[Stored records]

------------------------------

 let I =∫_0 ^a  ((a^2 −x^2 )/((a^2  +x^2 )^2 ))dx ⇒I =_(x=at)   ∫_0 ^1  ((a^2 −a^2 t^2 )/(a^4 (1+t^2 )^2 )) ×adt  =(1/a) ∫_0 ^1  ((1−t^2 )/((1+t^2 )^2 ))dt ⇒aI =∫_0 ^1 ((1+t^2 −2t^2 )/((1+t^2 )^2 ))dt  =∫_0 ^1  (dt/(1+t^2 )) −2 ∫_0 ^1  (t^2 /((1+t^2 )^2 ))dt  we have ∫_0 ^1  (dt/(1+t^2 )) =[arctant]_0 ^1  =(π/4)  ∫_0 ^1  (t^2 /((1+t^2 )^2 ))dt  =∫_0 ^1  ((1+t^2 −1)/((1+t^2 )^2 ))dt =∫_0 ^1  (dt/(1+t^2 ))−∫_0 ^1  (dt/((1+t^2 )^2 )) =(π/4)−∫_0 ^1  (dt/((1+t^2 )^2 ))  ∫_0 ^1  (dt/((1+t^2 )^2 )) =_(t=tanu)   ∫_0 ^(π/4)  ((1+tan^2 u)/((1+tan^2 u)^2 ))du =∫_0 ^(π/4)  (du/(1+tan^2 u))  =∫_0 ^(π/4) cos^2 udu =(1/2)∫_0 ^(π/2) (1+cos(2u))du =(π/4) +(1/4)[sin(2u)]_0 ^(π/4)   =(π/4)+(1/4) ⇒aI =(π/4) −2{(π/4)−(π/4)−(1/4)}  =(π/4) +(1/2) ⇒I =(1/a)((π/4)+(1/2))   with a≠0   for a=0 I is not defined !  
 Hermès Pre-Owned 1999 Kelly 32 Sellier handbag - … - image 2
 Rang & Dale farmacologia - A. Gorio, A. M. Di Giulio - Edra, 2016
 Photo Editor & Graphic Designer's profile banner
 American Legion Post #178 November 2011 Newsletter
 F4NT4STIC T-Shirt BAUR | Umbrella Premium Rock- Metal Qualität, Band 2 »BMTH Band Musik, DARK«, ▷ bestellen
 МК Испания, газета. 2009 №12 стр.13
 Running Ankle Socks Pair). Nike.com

------------------------------

Exercise directions
All the lines above should be written out once more, exactly.

Answer to the problem
 let I =∫_0 ^a  ((a^2 −x^2 )/((a^2  +x^2 )^2 ))dx ⇒I =_(x=at)   ∫_0 ^1  ((a^2 −a^2 t^2 )/(a^4 (1+t^2 )^2 )) ×adt  =(1/a) ∫_0 ^1  ((1−t^2 )/((1+t^2 )^2 ))dt ⇒aI =∫_0 ^1 ((1+t^2 −2t^2 )/((1+t^2 )^2 ))dt  =∫_0 ^1  (dt/(1+t^2 )) −2 ∫_0 ^1  (t^2 /((1+t^2 )^2 ))dt  we have ∫_0 ^1  (dt/(1+t^2 )) =[arctant]_0 ^1  =(π/4)  ∫_0 ^1  (t^2 /((1+t^2 )^2 ))dt  =∫_0 ^1  ((1+t^2 −1)/((1+t^2 )^2 ))dt =∫_0 ^1  (dt/(1+t^2 ))−∫_0 ^1  (dt/((1+t^2 )^2 )) =(π/4)−∫_0 ^1  (dt/((1+t^2 )^2 ))  ∫_0 ^1  (dt/((1+t^2 )^2 )) =_(t=tanu)   ∫_0 ^(π/4)  ((1+tan^2 u)/((1+tan^2 u)^2 ))du =∫_0 ^(π/4)  (du/(1+tan^2 u))  =∫_0 ^(π/4) cos^2 udu =(1/2)∫_0 ^(π/2) (1+cos(2u))du =(π/4) +(1/4)[sin(2u)]_0 ^(π/4)   =(π/4)+(1/4) ⇒aI =(π/4) −2{(π/4)−(π/4)−(1/4)}  =(π/4) +(1/2) ⇒I =(1/a)((π/4)+(1/2))   with a≠0   for a=0 I is not defined !  
 Hermès Pre-Owned 1999 Kelly 32 Sellier handbag - … - image 2
 Rang & Dale farmacologia - A. Gorio, A. M. Di Giulio - Edra, 2016
 Photo Editor & Graphic Designer's profile banner
 American Legion Post #178 November 2011 Newsletter
 F4NT4STIC T-Shirt BAUR | Umbrella Premium Rock- Metal Qualität, Band 2 »BMTH Band Musik, DARK«, ▷ bestellen
 МК Испания, газета. 2009 №12 стр.13
 Running Ankle Socks Pair). Nike.com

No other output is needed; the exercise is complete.